Tuve el impulso de replicarle, de decirle que ya casi nadie ayudaría a otro sin esperar nada a cambio, pero a la vez sentí que tenía razón. En ese momento no supe por qué pensé así, iba en contra de la personalidad que con tanto esfuerzo había construido, tan solo acepté que el mundo tal como lo concebía empezaba a cambiar.
—Me has ayudado, me sacaste de la playa, gastaste recuperadores para traerme de vuelta, y eso nunca lo voy a olvidar. —Iba a contestar, pero hice un gesto con la mano para que guardara silencio—. Sé que no lo ves así, que crees que no te debo nada, pero te pido que aceptes más que mi gratitud.

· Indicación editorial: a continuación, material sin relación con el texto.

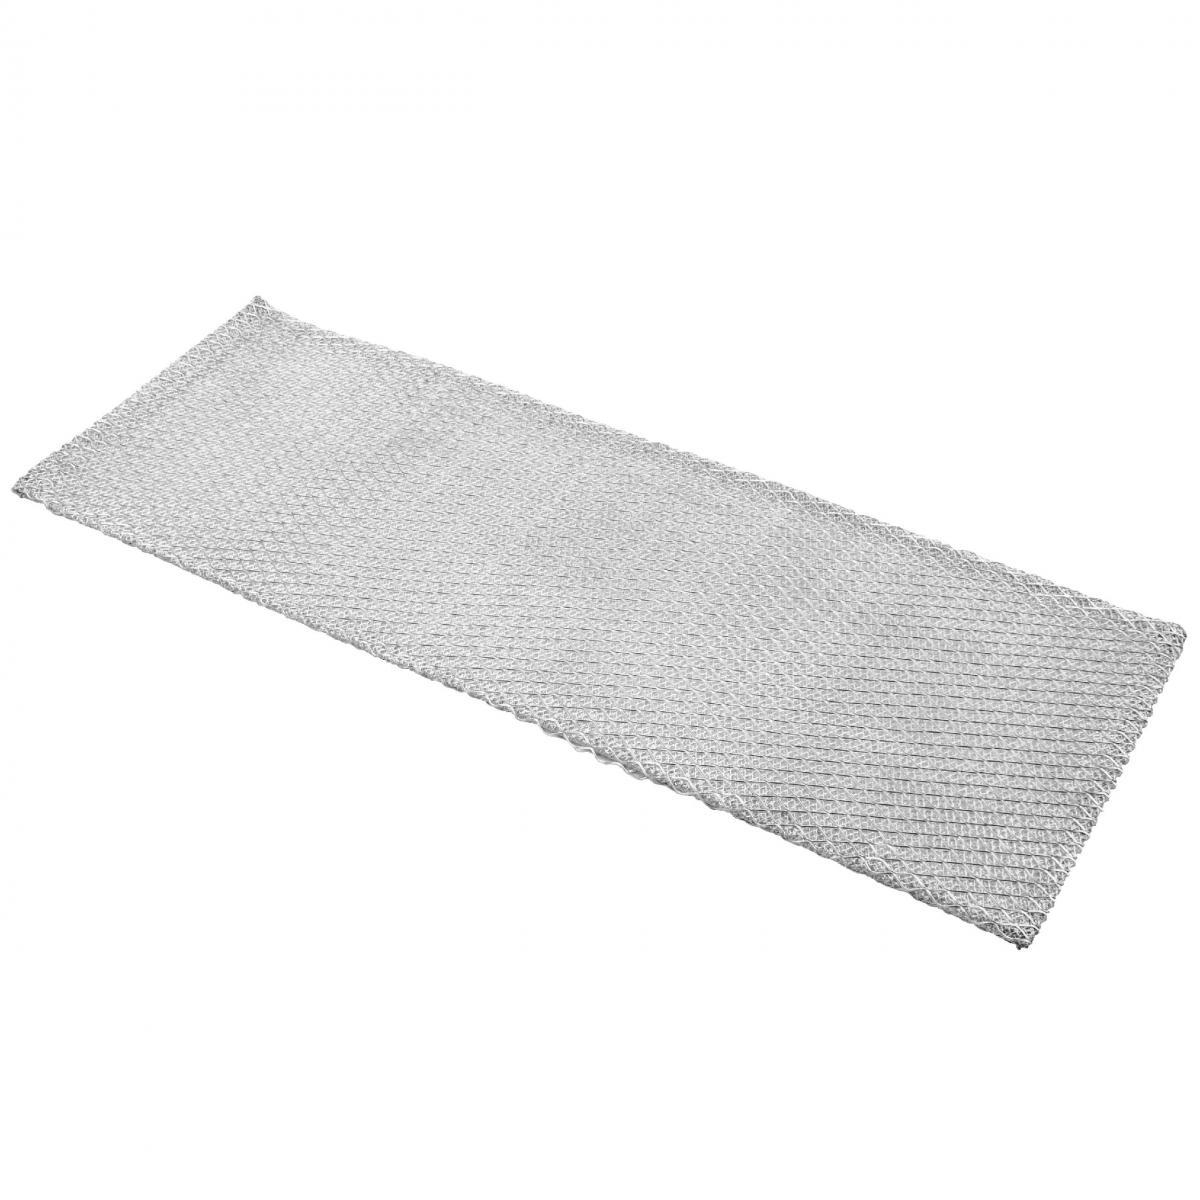 Vhbw vhbw Filtrepermanent filtre à graisse métallique 45,2 x 16 x 0,35 cm convient pour Bauknecht DNI 3260 857415001020 hotte
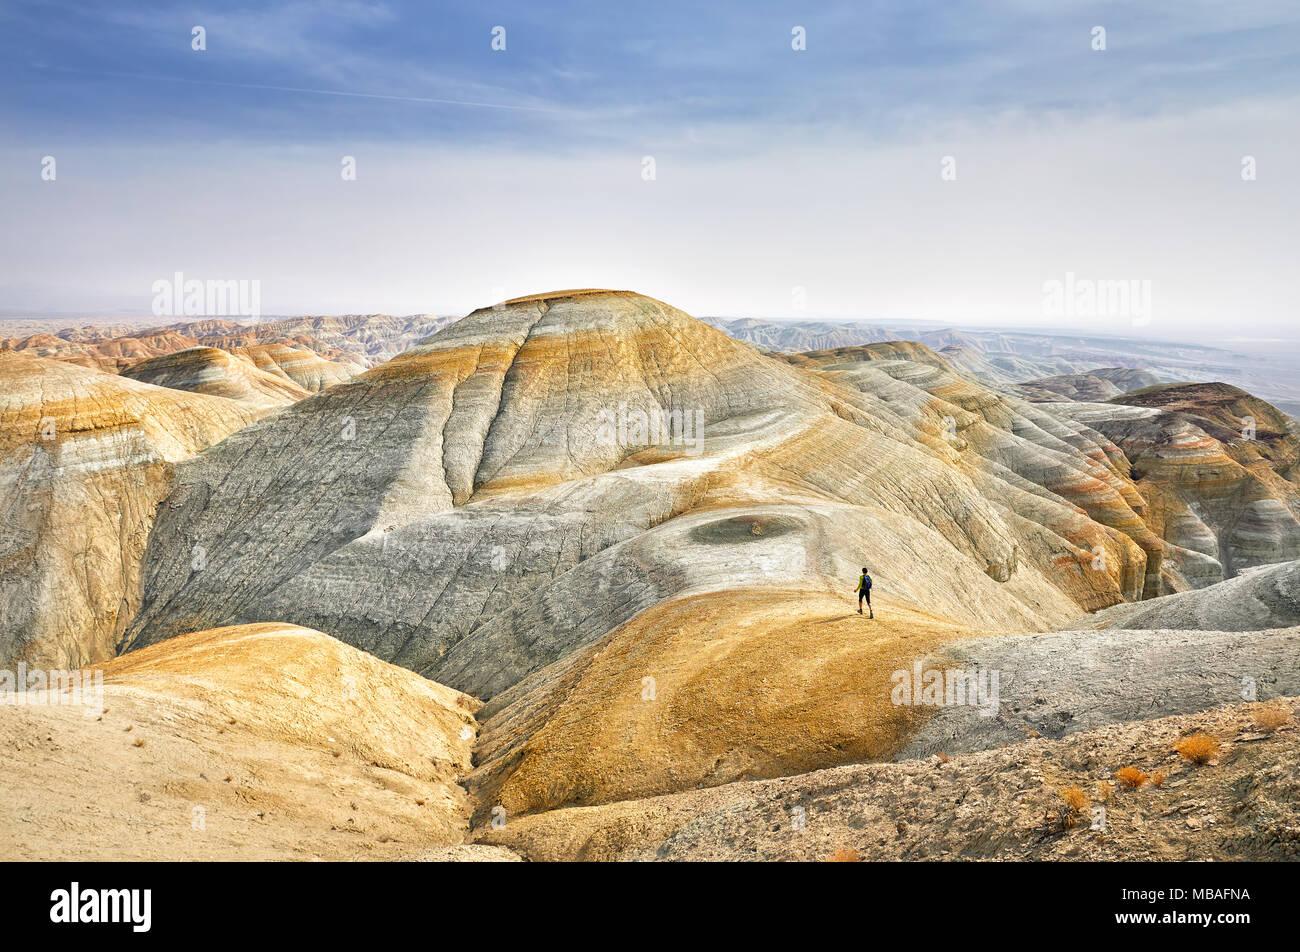 Turismo a piedi il sentiero di giallo surreale montagne del Parco Deserto Altyn Emel in Kazakistan Immagini Stock

Tu familia y tú habéis entrado en mi círculo. Y siempre hago lo que sea para que las personas de mi círculo estén bien.
El pescador rio.
—¿Has escuchado, cariño? —preguntó en tono burlón—. ¿No crees que habría hecho carrera como actor del holoteatro de Chasté?
—Desde luego, el tono y el tipo lo tiene —contestó su mujer, tras reír—. Es fornido y está de buen ver.
—Eh, eh, no te vayas a enamorar de esta mole de músculos —replicó—, que, aunque me falta el pelo, tengo barriguita y alguna muela con caries, el guapo soy yo. —La hija entró en la sala de estar con el avión en alto—. ¿Verdad, nena, que papá es más guapo que el grandullón? —le dijo a la pequeña que se detuvo a mi lado para mirarme.
—Sí, papá es más guapo. Papá sonríe y el hombre grande tiene una cara fea, cara de enfadado.
Inspiré despacio sin ser capaz de evitar pensar en una infancia que nunca podría existir. Toda mi vida había ignorado a la gente humilde, a familias como esa, llenas de amor y sacrificio, que existían en un mundo tan lejano al mío. Quizá El Asesor me llevó hasta esa playa cerca de Huyest para que conociera al pescador, a su mujer y a su hija. Puede que lo hiciera para que redescubriera una parte de mí enterrada en lo más profundo de mi ser. O quizás solo fue el azar el que me condujo a acabar en esa costa. Fuera como fuera, si fracasaba en frenar al loco del chubasquero, muchos como ellos sufrirían. Y, aunque los demás no me importaban, esa familia estaba ahora bajo mi protección.
—Sin duda, tú eres más guapo —aseguré, tras cruzarme de brazos—. ¿Cómo pueden competir mis músculos y mis facciones adoradas por las mujeres de la capital con la belleza de esa barba de pocos días tan mal cuidada? —Negué con un ligero gesto de cabeza—. Es imposible.
El pescador rio y su mujer también. Por primera vez desde hacía mucho me sentí a gusto. Quizás estaba recuperando mi humanidad o quizá tan solo experimenté un fragmento de la que aún no se había consumido. No importaba, tenía ganas de reemprender la guerra, lo necesitaba, pero me concedí lo que quedaba de día para compartir con la familia del hombre que me ayudó a regresar de la muerte. Comí la sopa algo rancia, me esforcé en que no se notara las ganas que tenía de escupirla y bebí unos vasos de alcohol barato mientras escuchaba anécdotas del mar.
Regresé de entre los muertos, se me dio una segunda oportunidad y las primeras horas las disfruté junto a gente que merecía mucho más. Acabara como acabara la guerra, el mundo iba a cambiar y yo lucharía porque el nuevo mundo no fuera como el viejo. Lucharía para que de las cenizas brotara algo por lo que valiera la pena seguir luchando: un mundo en el que no hubiera lugar para monstruos como yo.